By Farah Naqvi

Coded political messaging (dog whistling), direct bigotry, and incitement to hate, exist on a continuum.

Globally, Donald Trump is a good example of a politician freely using all types. In the run-up to the 2016 election, he had started with straight up bigotry, calling Mexicans “rapists, criminals and drug pedlars”. He then also used coded messaging about ‘American family values’. On the face of it, the phrase seems unobjectionable, but to the core white male voter, it dog whistled – signifying that immigrants do not have these ‘American family values,’ blacks do not have them and ‘gays’ definitely do not.

Trump’s ‘Make America Great Again’ (MAGA) slogan, also used by Reagan (1980), contained the dog whistle punch in the word ‘again’, signalling to his core constituency that he stood for a [white supremacist] past, free from the shackles of civil rights and race equality.

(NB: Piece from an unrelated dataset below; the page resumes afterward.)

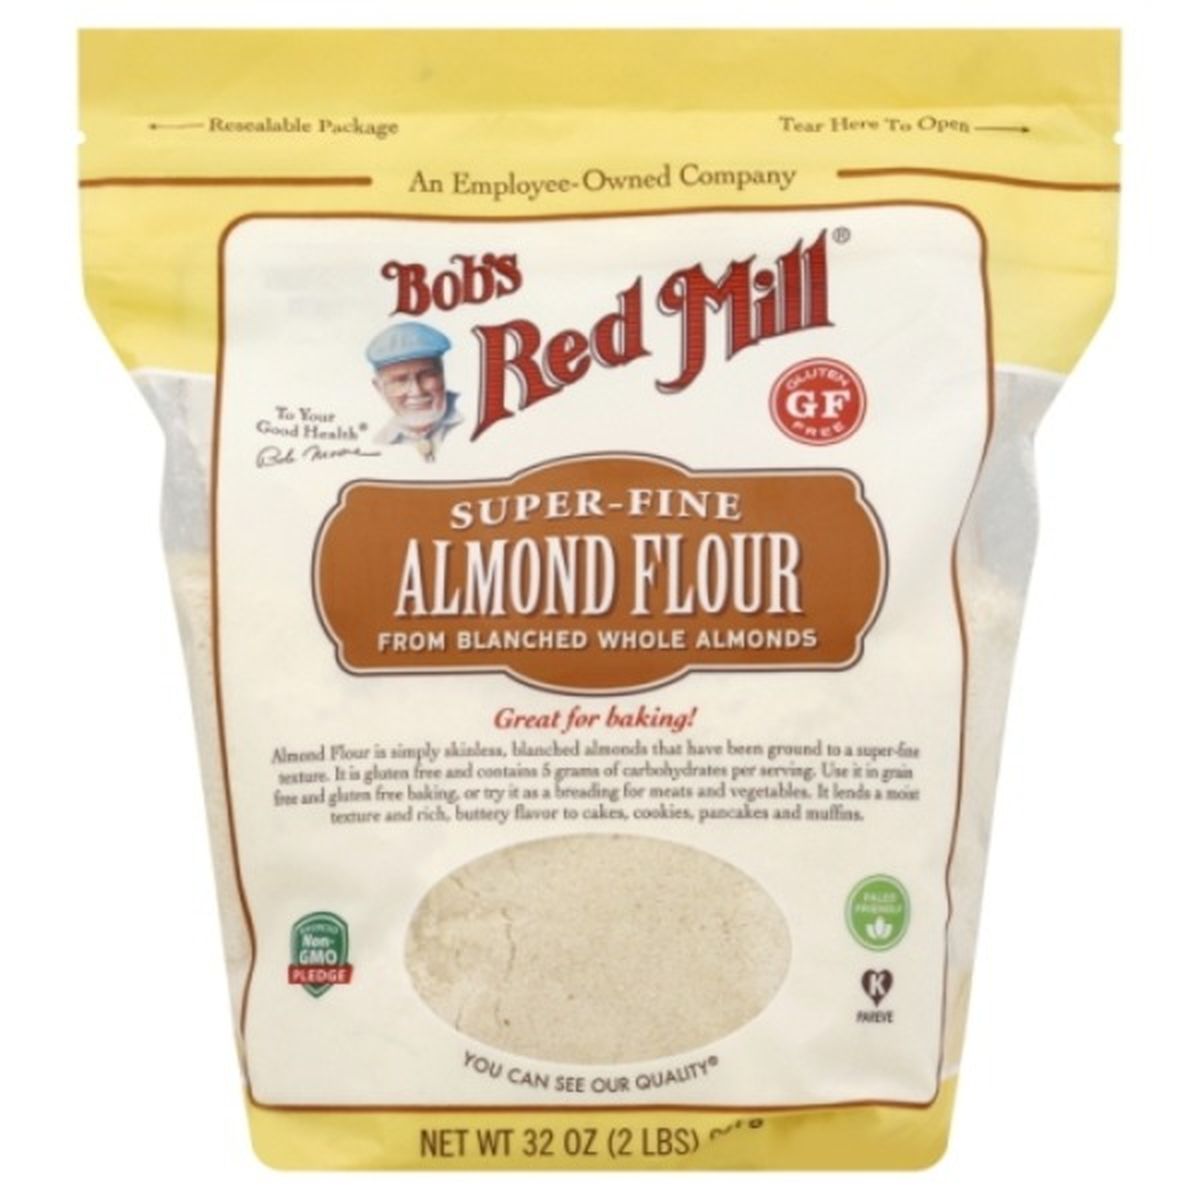 Calories in Bob's Red Mill Almond Flour, Super-Fine

But he also continued to deploy direct bigotry, by proposing a Muslim entry ban into the United States (a diluted form of which he implemented during his presidency). And, in 2020, during a campaign rally, he called SARS-CoV-2 coronavirus the “Chinese virus” and “kung flu.” It was honest, in-your-face racism. Trump consistently pitted an array of ‘others’ (Mexicans, all immigrants, blacks, Muslims, Chinese) against white America. So that it could be, well, great again.

Even so, he avoided direct verbal reference to his ‘white’ constituency until a 2022 campaign rally in Arizona. It was a stunner.

He claimed that life-saving medicines were being rationed based on race. “…Discriminating against and denigrating, just denigrating white people, to determine who lives and who dies. If you are white, you don’t get the vaccine, and if you are white, you don’t get therapeutics… In fact, in New York state, if you are white, you have to go to the back of the line to get medical help. Think of it, if you are white, you go to the back of the line!”